To ensure the continuity of this commitment, it is necessary that all employees:
- Familiarise themselves with the Quality Management System and all procedures regarding emergency responses and product recalls.
- Ensure they have the required skills and understand their role and responsibility in the event of a product recall.
Product Objectives and Targets
Cosmo continuously develops and reviews safety and quality objectives for all our products. Numerous objectives and targets are set to measure and ensure product safety and quality including, but not limited to, the following:
- Number of product complaints received
- Number of Corrective and Preventative Actions (CAPA) raised
- Number of product safety issues reported to regulatory authorities
- Number of product recalls
- Number of batch rejections in the manufacturing process
- Number of import rejections during product distribution
- Continuous product improvement
- Customer satisfaction
Product quality and safety against these targets is periodically reviewed by the CMO and the senior management team.
An inherent part of Cosmo’s initial and continual training is that all employees are knowledgeable regarding the Quality Management System and all procedures relating to establishing and reviewing product objectives and targets.
Product Safety Audits and Risk Assessments
Cosmo’s continued success depends on our ability to effectively manage safety and risk. Cosmo maintains a robust Quality Management System with detailed processes and procedures. The quality system is compliant with all relevant regulatory requirements and standards.
In addition to this Cosmo also complete the following:
- Internal audits, as per the internal audit program, to ensure compliance with all product safety regulations and guidelines.
- Supplier audits, as per the supplier audit program, to ensure high and consistent quality of goods and services.

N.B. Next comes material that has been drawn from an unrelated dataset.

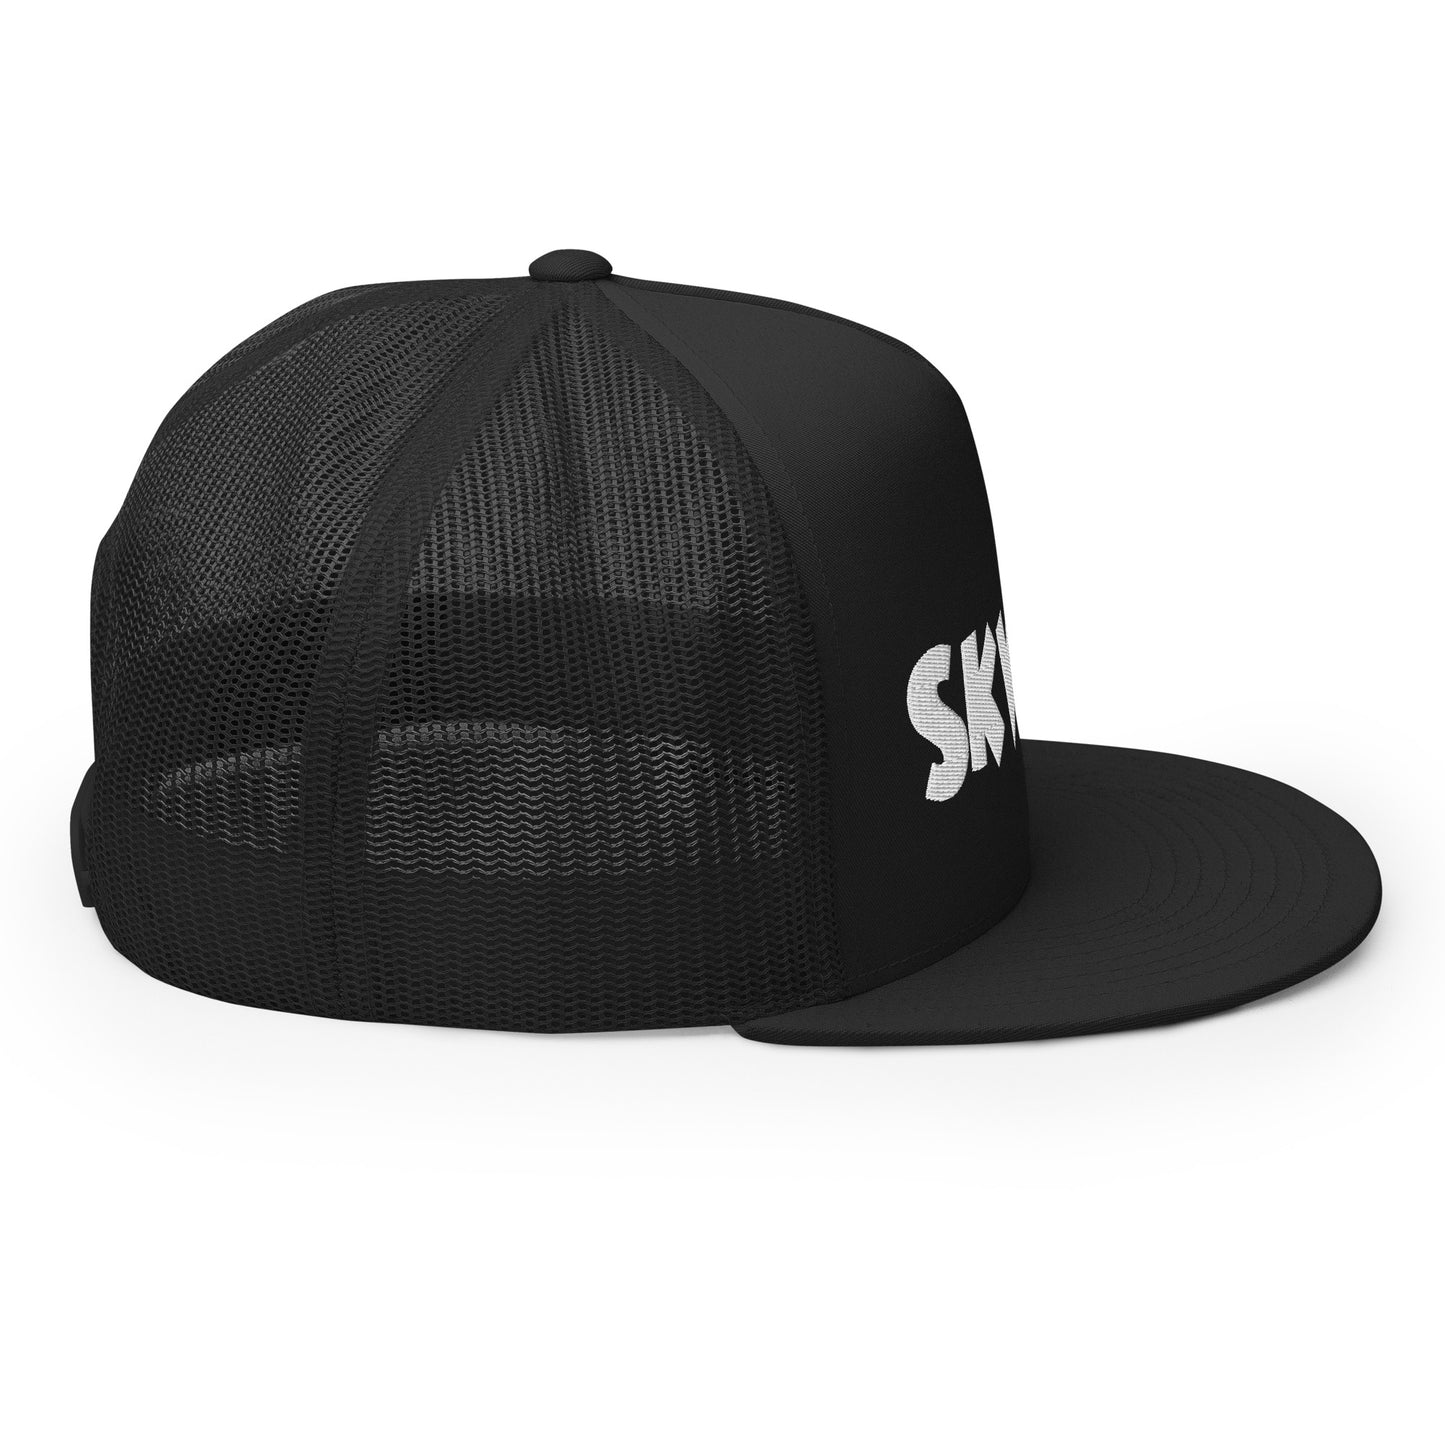 Skwok Brand / Hat / Trucker Cap / OG Logo / 3D Puff / Black / White

Cosmo is also subject to external audits by the relevant regulatory authorities and suppliers, which additionally ensures the highest product quality and safety.
Cosmo is committed to a systematic process for the assessment, control, communication and review of risks to the quality and safety of products across the Product Life Cycle. This includes the following steps:
- A prospective risk assessment is performed to assess and mitigate all risks detected. This consists of the identification of the hazards and the analysis and evaluation of the risks associated with exposure to these hazards.
- A risk assessment report is created to assess the probability of a negative event arising and the impact severity levels associated with the event.
- For any intolerable or unacceptable risks, appropriate action or control is identified and recommended.
- The risk assessment report is then circulated for review and approval by senior management.
- Risk assessment reports are routinely reviewed to ensure the effectiveness of controls, relevance of assumptions and to assess the emergence of any possible new risks arising from the newly introduced controls.
At Cosmo, we ask all personnel to:
- Ensure all regulatory authority audits and internal audits are carried out in compliance with all regulatory requirements, standards and guidelines.
- Familiarise themselves with the Risk Assessment Procedure. The process is essential in ensuring the continued quality and safety of our final products and must be adhered to rigorously.